The 70s in the Cup winners Cup consisted of only one attempt in season 1975-76. But it was a European run that didn’t have a dull moment and did actually produce a trophy that can still be seen at Celtic Park today.
Our qualification for that year’s tournament was thanks to a 3-1 cup final win over Airdrie, the final match of Billy McNeill’s career, but it wasn’t just our legendary captain that we were missing the following season. That summer had seen Jimmy Johnstone leave for the San Jose Earthquakes while Jim Brogan joined Coventry in a bid to secure first team football and George Connelly officially called it a day.
Yet these departures could quite possibly have been handled by a manager with Jock Stein’s experience and knowledge. At the end of the previous season some journalists had been writing that Stein seemed to be relishing the thought of the challenge ahead. The bigger problem, however, was that we were also without Jock Stein.

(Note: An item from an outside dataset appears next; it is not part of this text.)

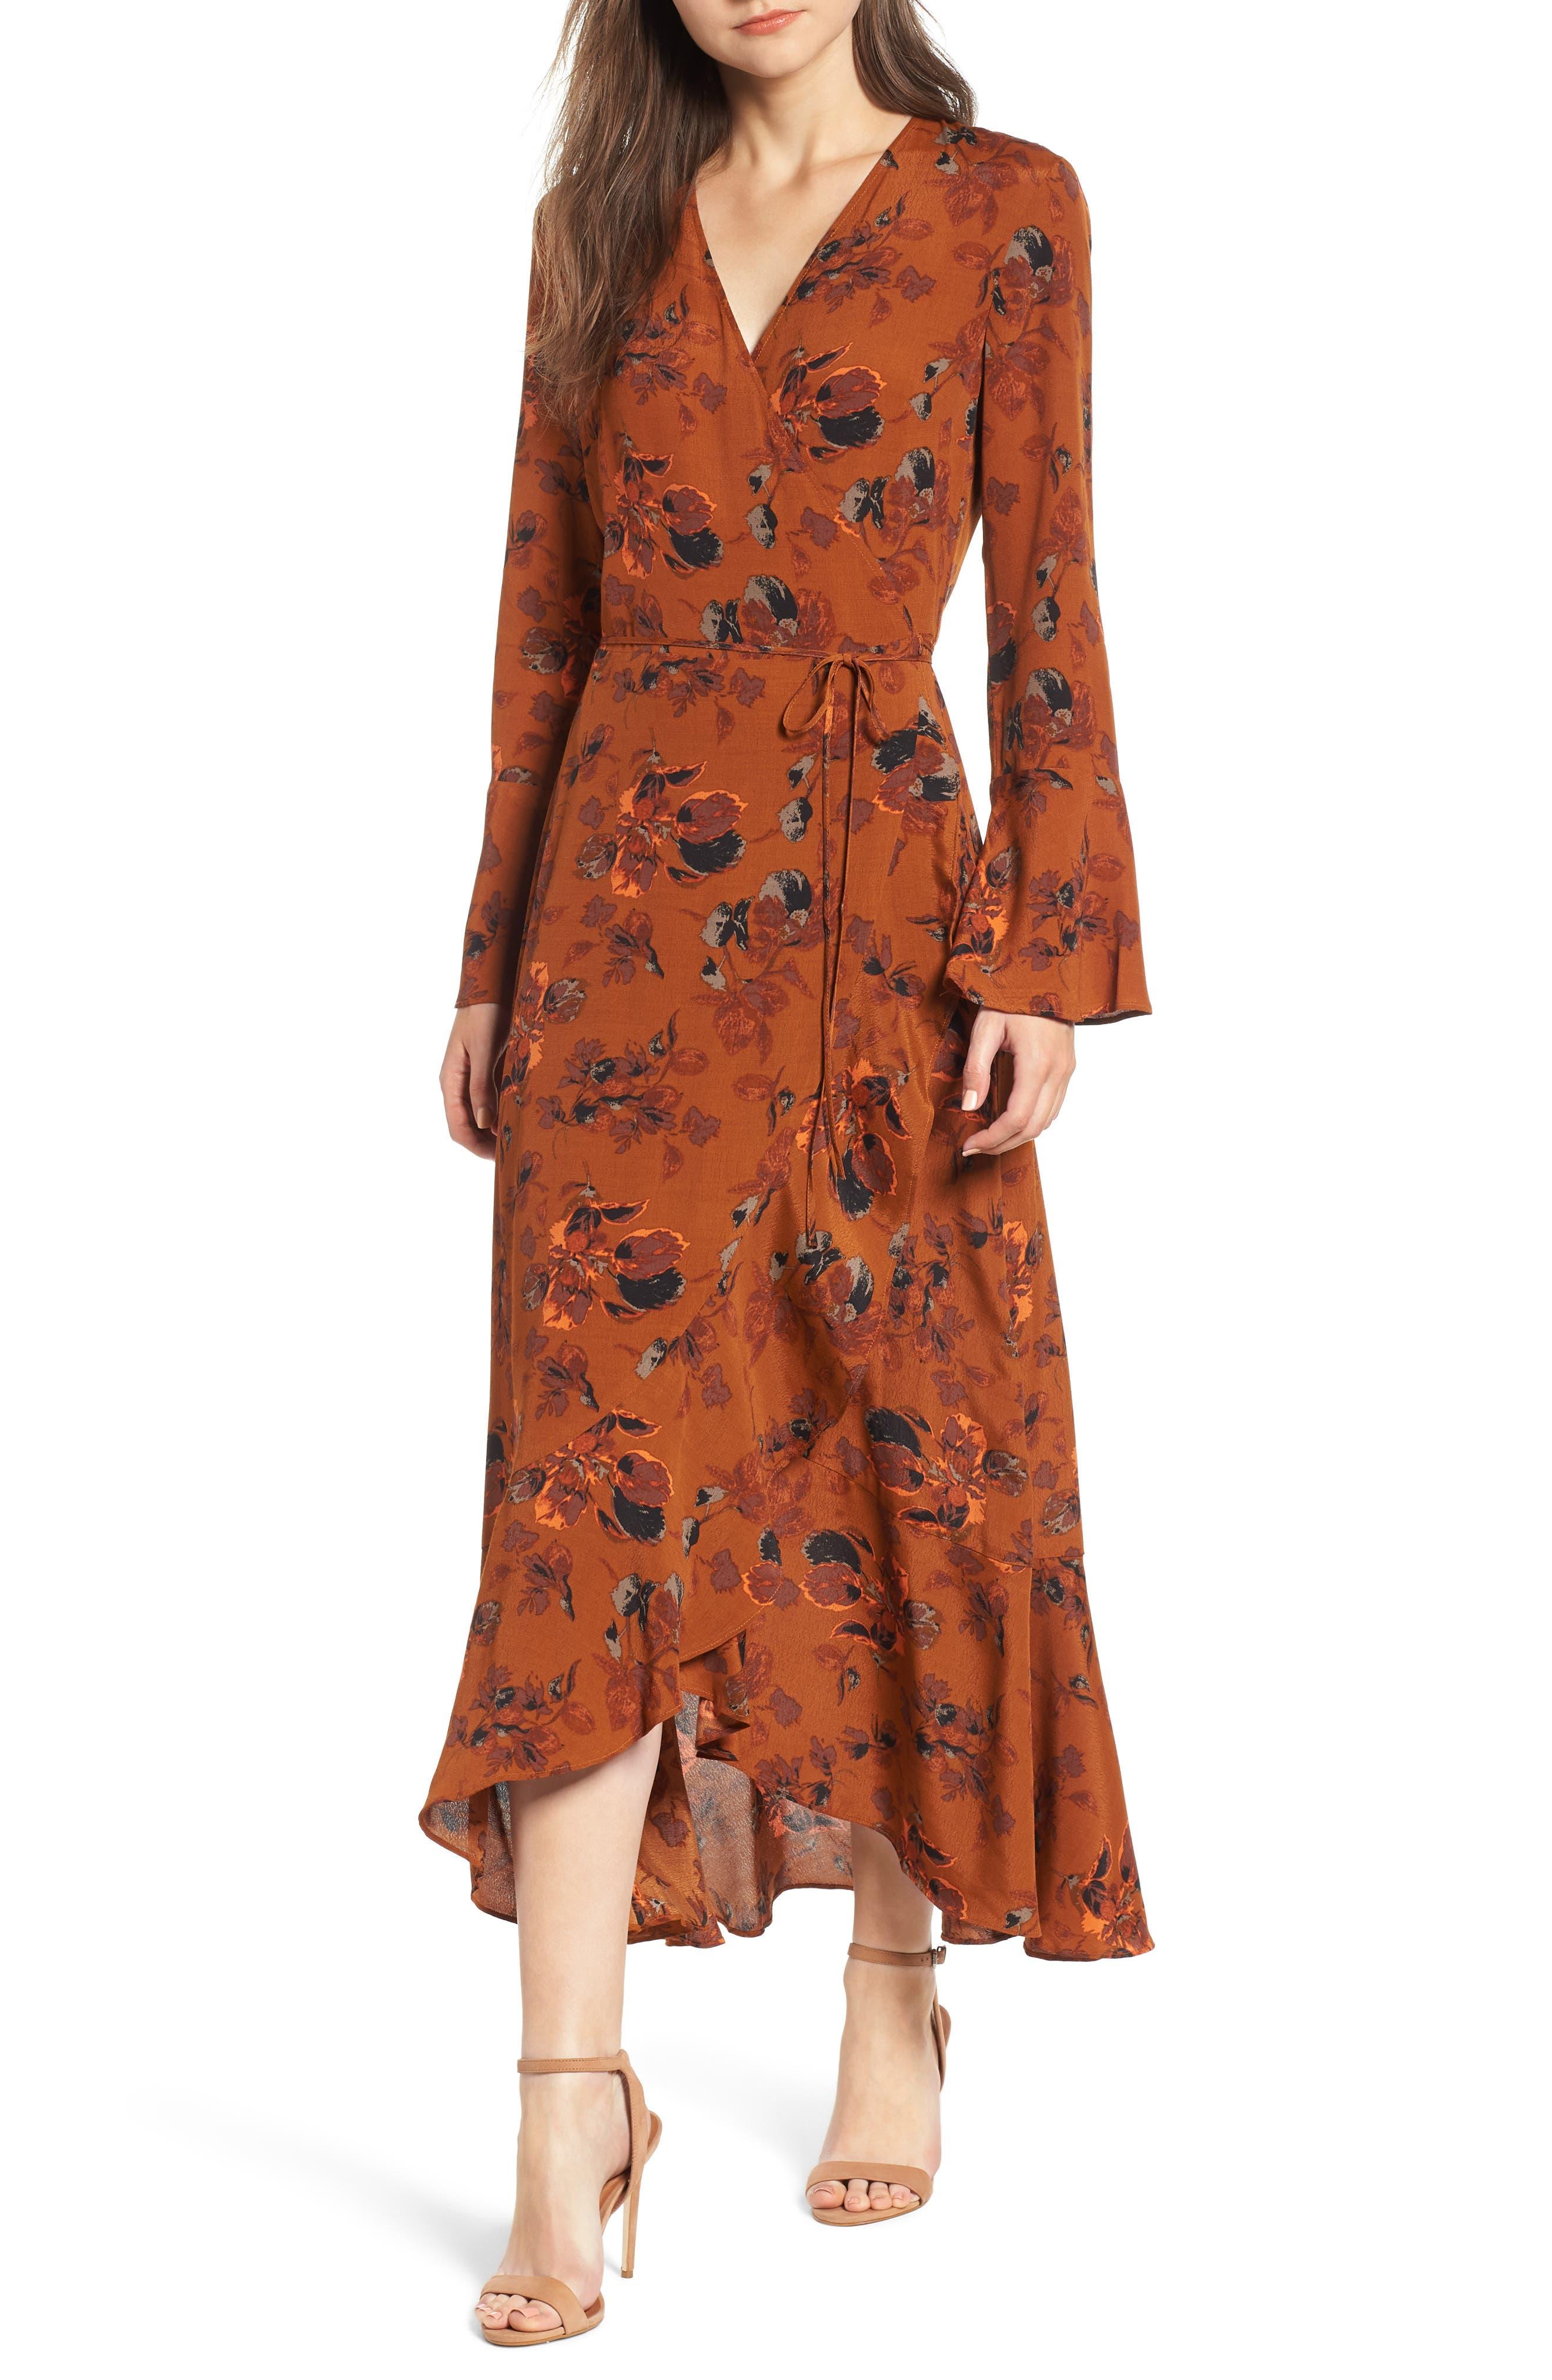 Bell Sleeve Wrap Midi Dress,                             Main thumbnail 1, color,                             RUST CARMEL FALL FOLIAGE

During the summer of 1975 the Big Man had been returning from Manchester Airport when he was involved in a head on collision on a notorious stretch of the A74 near Lockerbie. He was taken to hospital unconscious and suffering from injuries so serious they were thought to be life threatening. It would be a year before he could resume as manager of Celtic. In the meantime his assistant Sean Fallon took over.
The first thing he had to deal with was the final act of the George Connolly saga as the big Fifer walked out the door of Celtic Park for the last time. The previous season our first choice central defence had been McNeill and Connolly and now we had lost both.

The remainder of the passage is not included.